* What is required
Would you please set down, word for word, the lines from the one with "Pair of Humpback" through the final line of the data below, omitting any pictures?

* Data extract
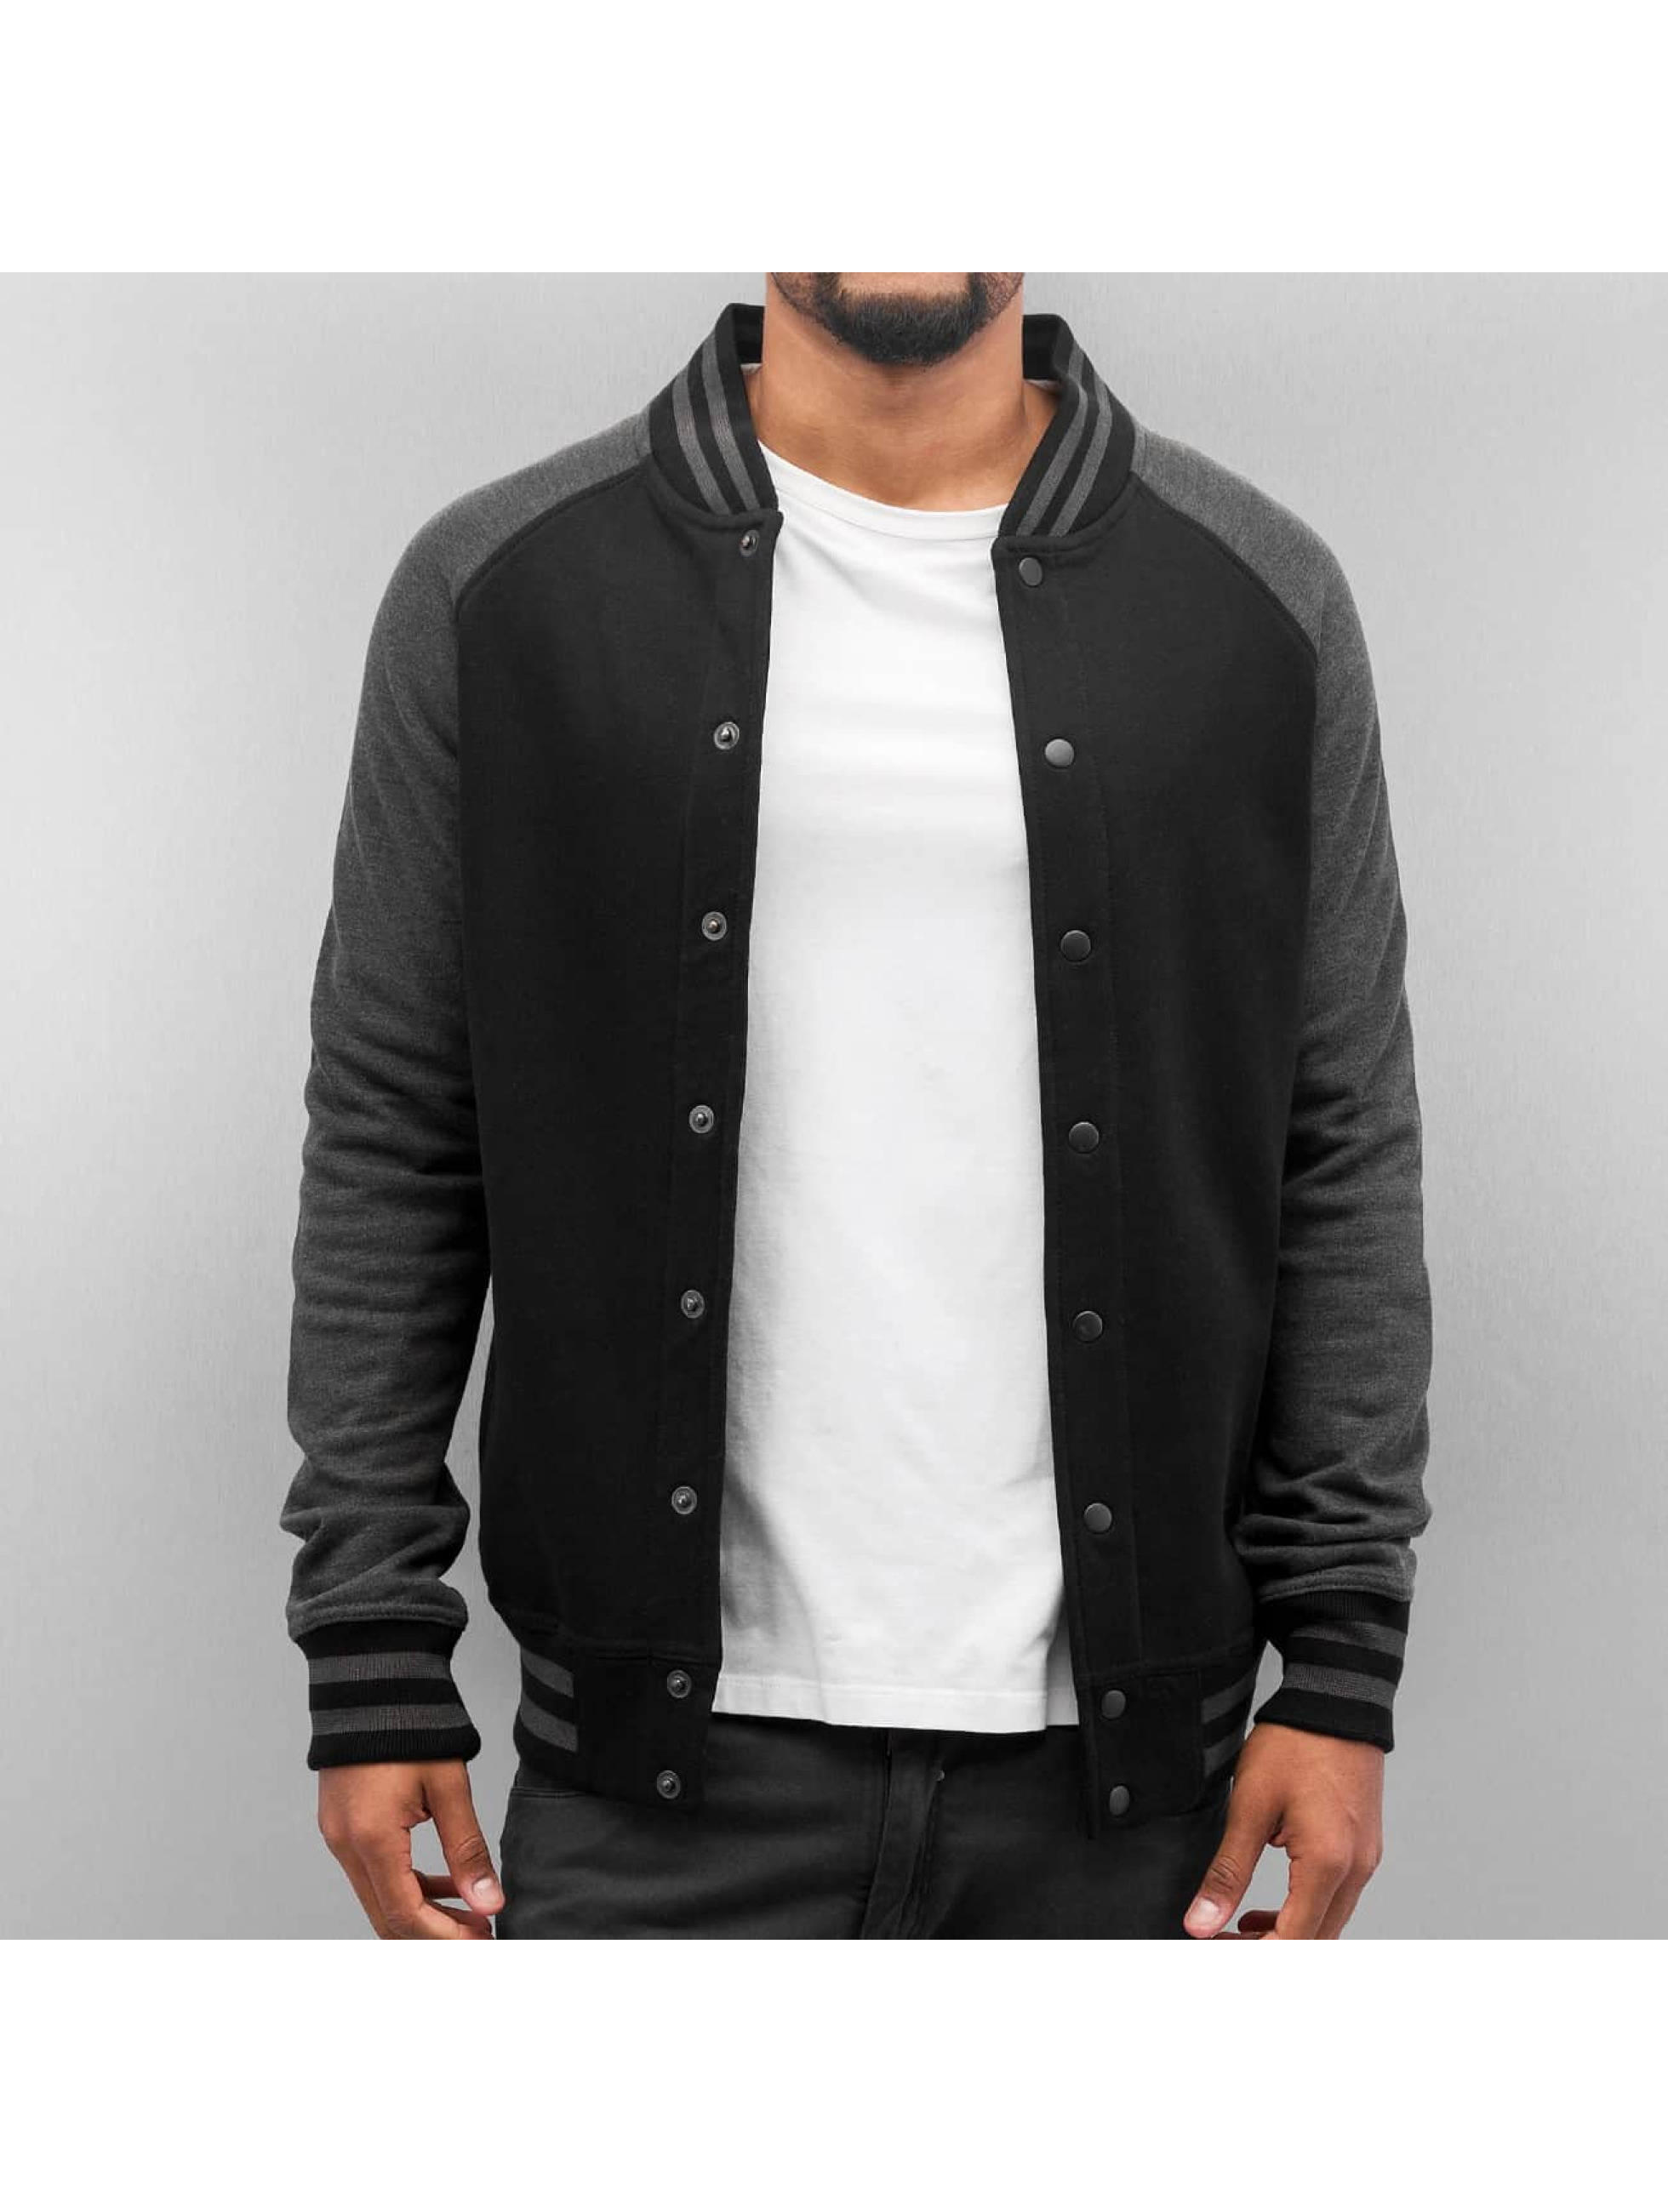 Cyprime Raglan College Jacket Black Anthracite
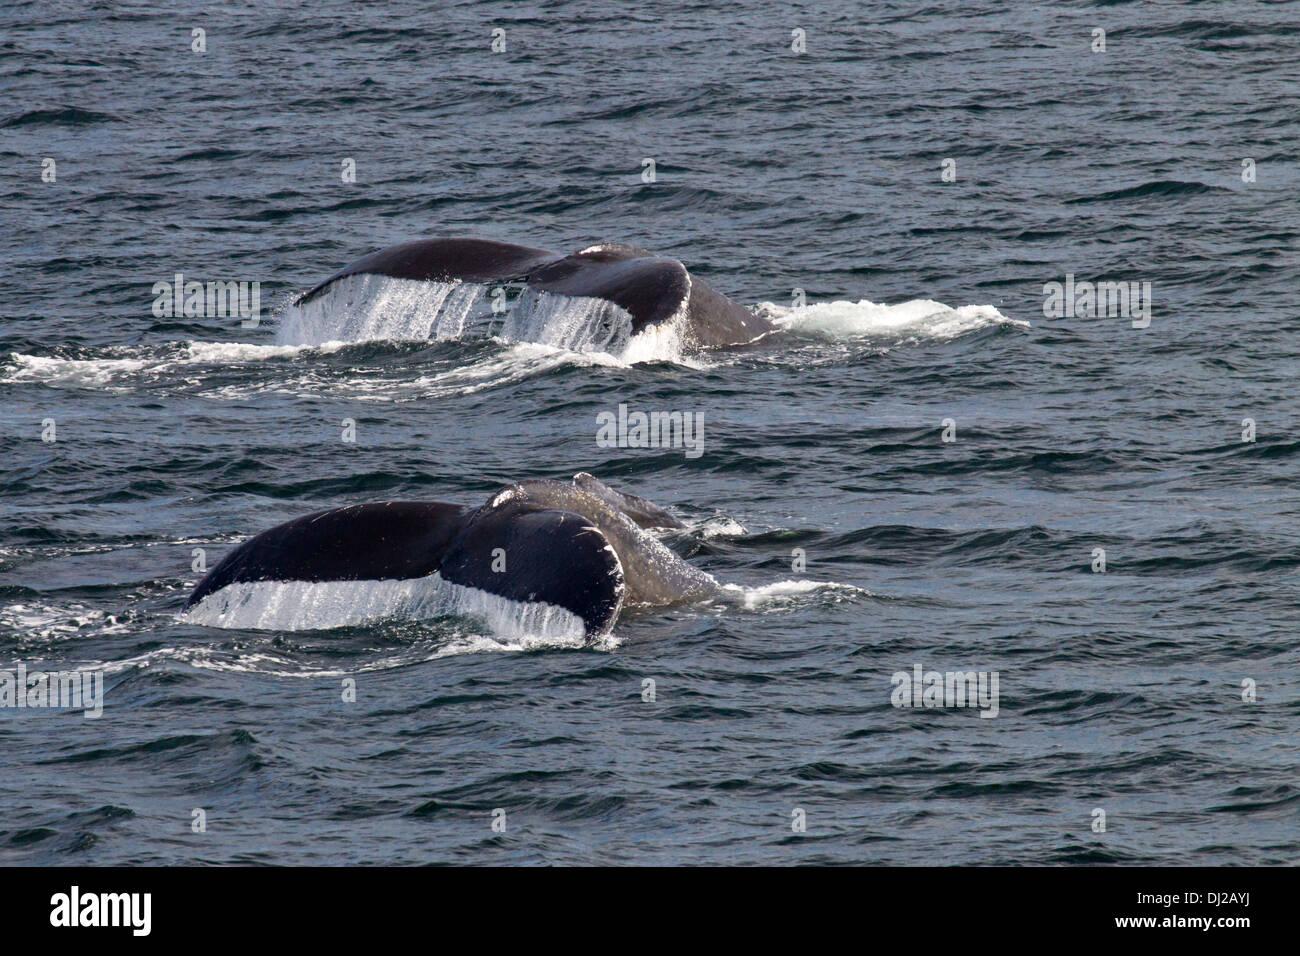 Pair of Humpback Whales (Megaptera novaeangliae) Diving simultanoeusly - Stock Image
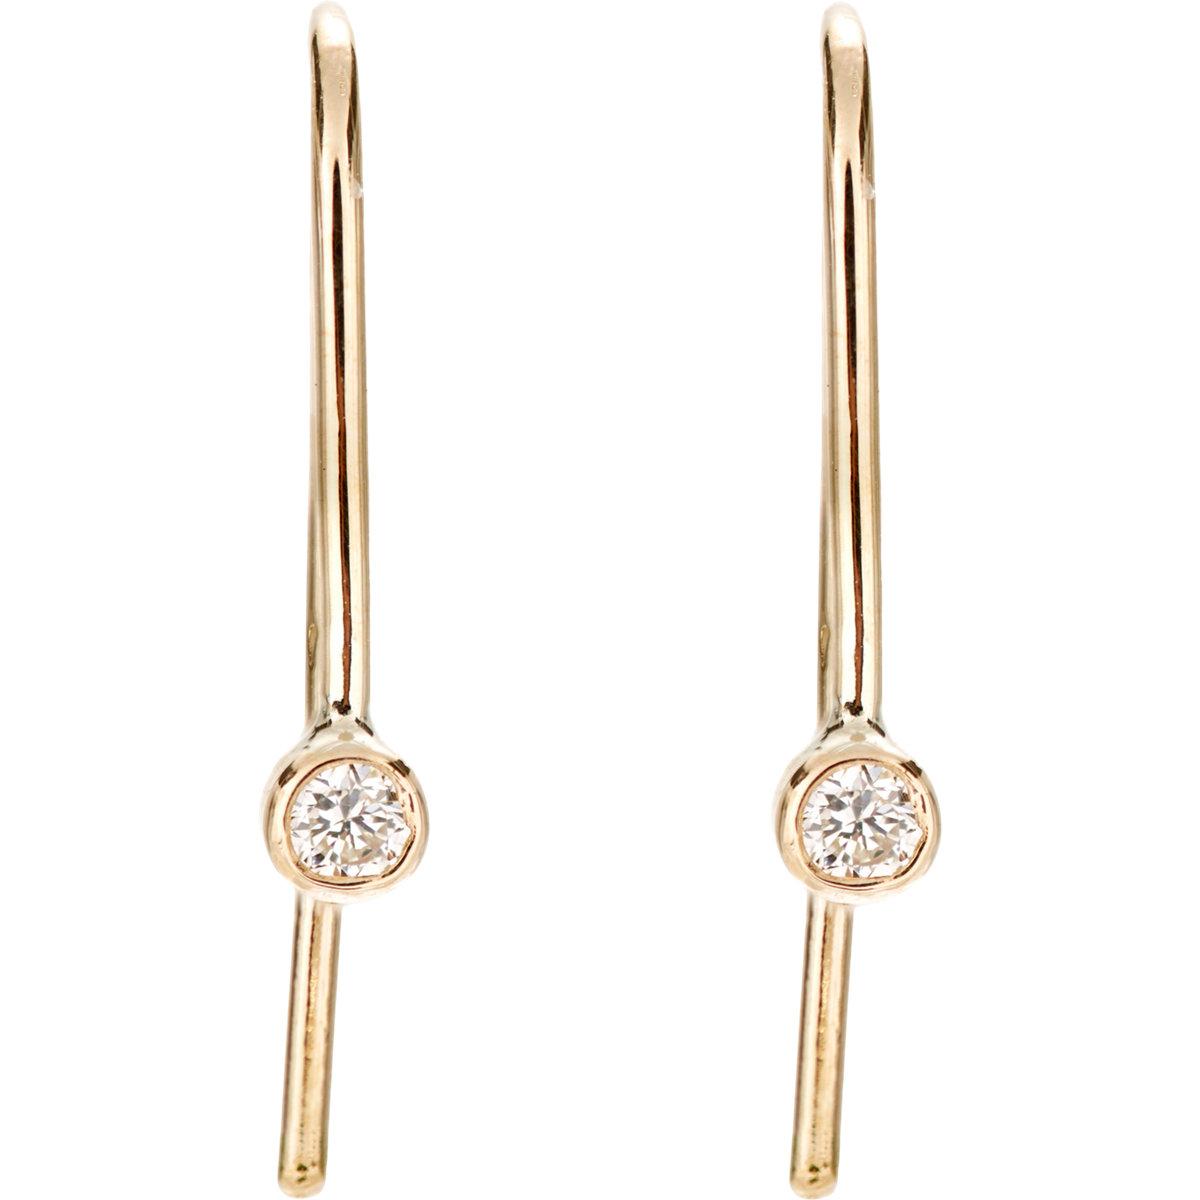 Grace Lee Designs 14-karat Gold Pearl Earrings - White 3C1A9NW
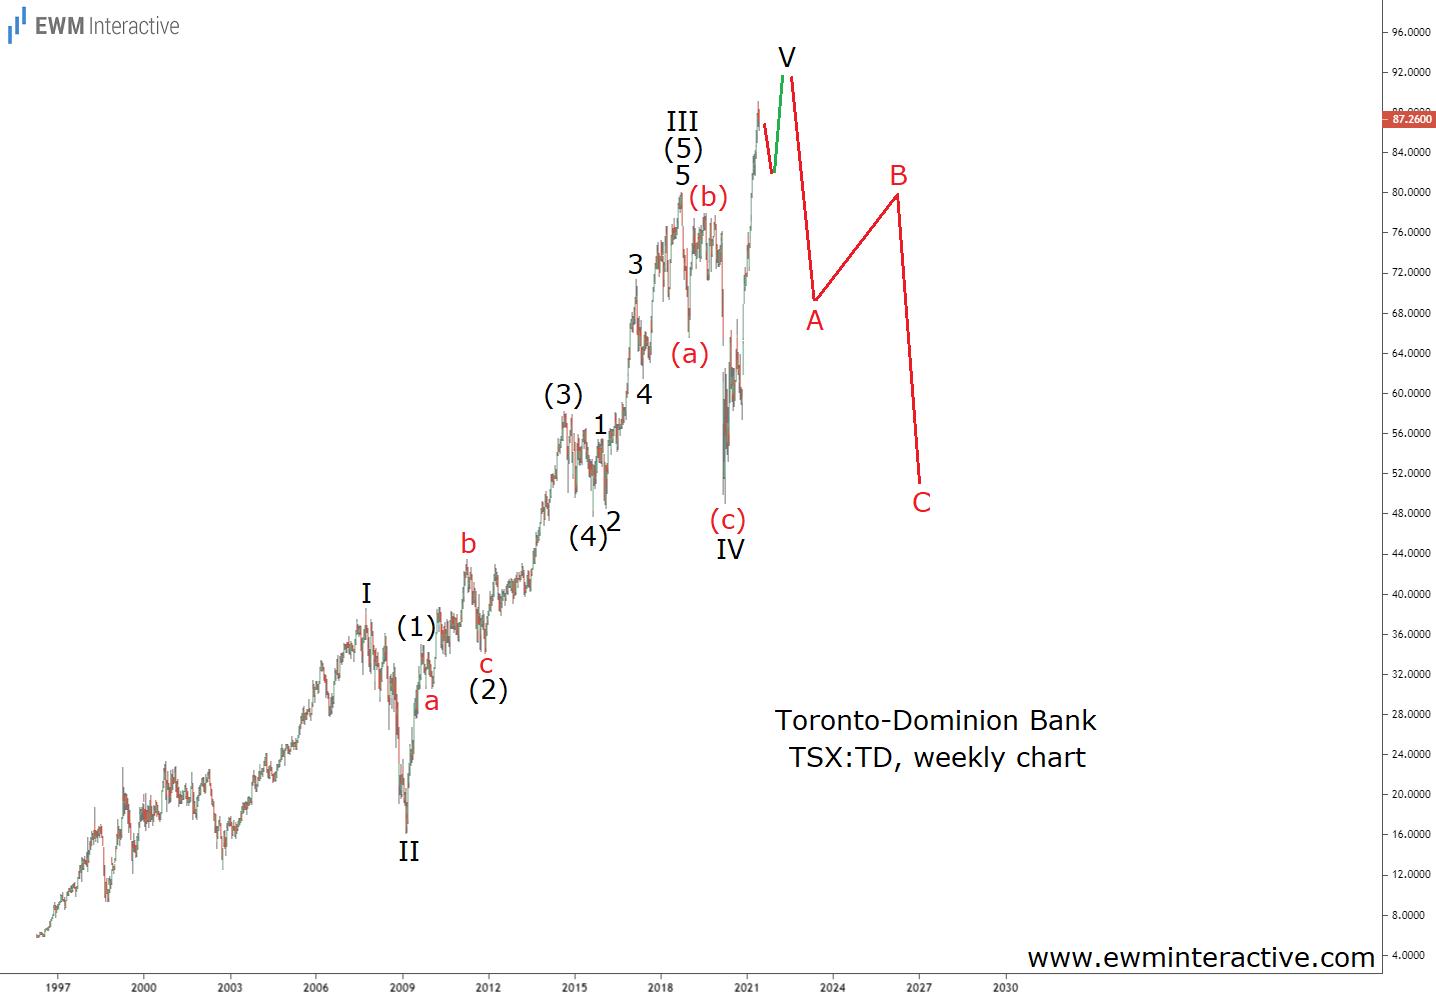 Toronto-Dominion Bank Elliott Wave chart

* Exercise response
 Pair of Humpback Whales (Megaptera novaeangliae) Diving simultanoeusly - Stock Image
 Grace Lee Designs 14-karat Gold Pearl Earrings - White 3C1A9NW
 Toronto-Dominion Bank Elliott Wave chart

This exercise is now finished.